あなたは幽霊を信じますか?僕は幽霊を見たことがないし、特に信じてもいないのですが「もしかしたら…」という否定できない部分に恐怖を感じています。
どっちかと言えば幽霊よりも人が怖い(ヒトコワ)エピソードがめちゃくちゃ怖い!そんな身の毛がよだつ恐怖体験、夏に読みたい怪談漫画などなど。このページでは「おすすめのホラー漫画、オカルト漫画」を紹介します。
後遺症ラジオ
表紙とタイトルを見ただけでも、ただならぬ気配を感じさせるホラー漫画。

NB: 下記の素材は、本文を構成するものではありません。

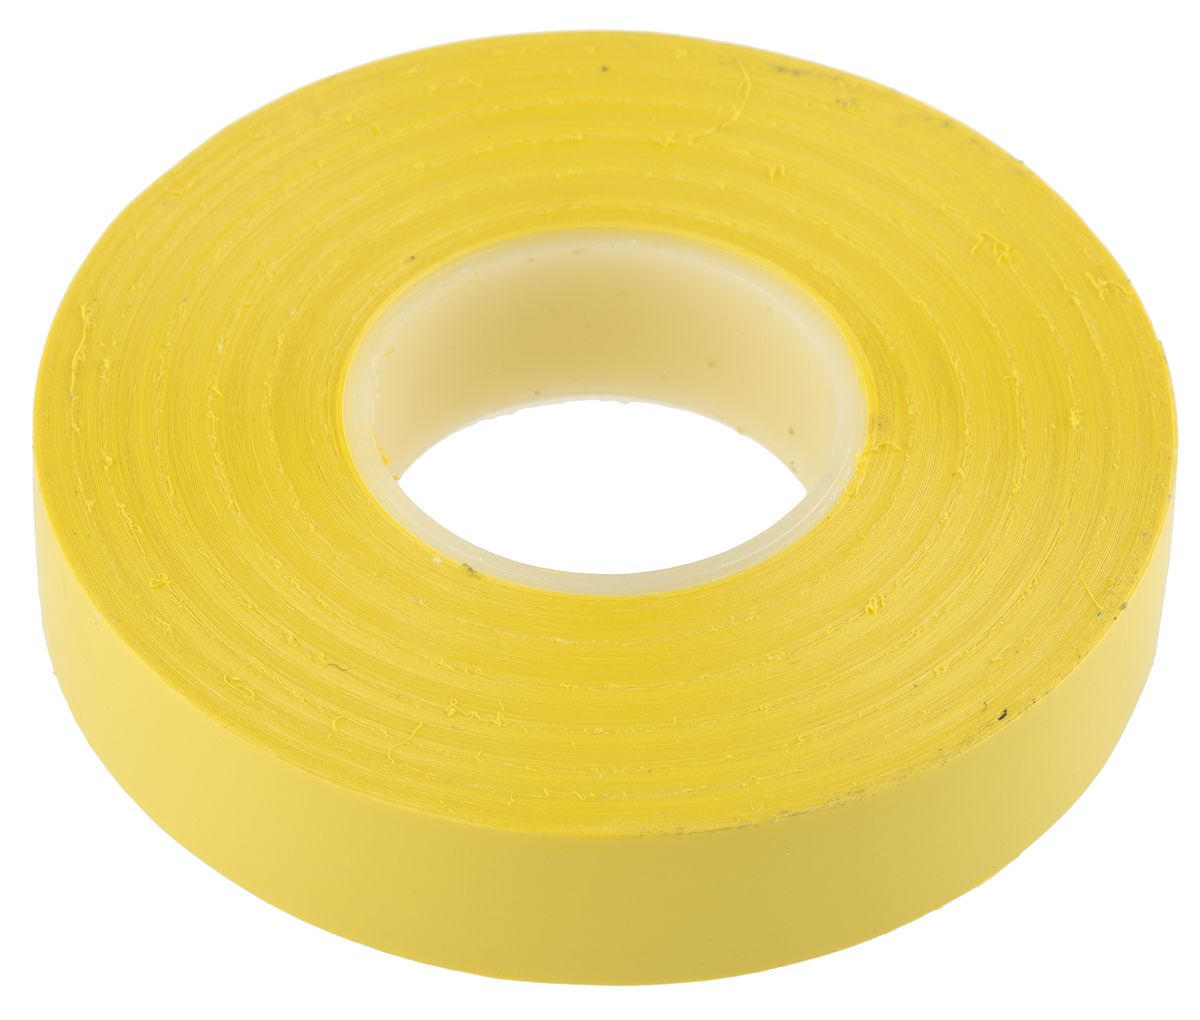 Advance Tapes Elektromos szigetelőszalag, 12mm x 20m, 0.13mm vastag, Sárga

純粋な恐怖心とグロに頼らない気持ち悪さで言えば本作の雰囲気は文句なしに一級品だし、これを超えるホラー漫画なんてそうそう無いと思います。
ショートエピソード集みたいな感じなんだけど、所々で共通する物語かと思ったら「これさっきの!」みたいな見せ方も面白いし、急に出てくる見開きページの迫力ったらないです。
ちなみに作者の方は、本作を執筆しているときに病を患って休載している期間があります。そんないわくつきのホラー漫画、読む勇気があるという人だけぜひどうぞ。
あおのたつき
この世に未練を残して死んでしまった遊女の魂を成仏に導くという感じの物語。主人公は魂を鎮める役目の宮司と偶然迷い込んだ1人の童女です。この童女もまた現世に大きな未練を残して死んでしまったようで、多くの霊魂を沈めながら徐々に主人公の過去も明らかになっていく物語となっています。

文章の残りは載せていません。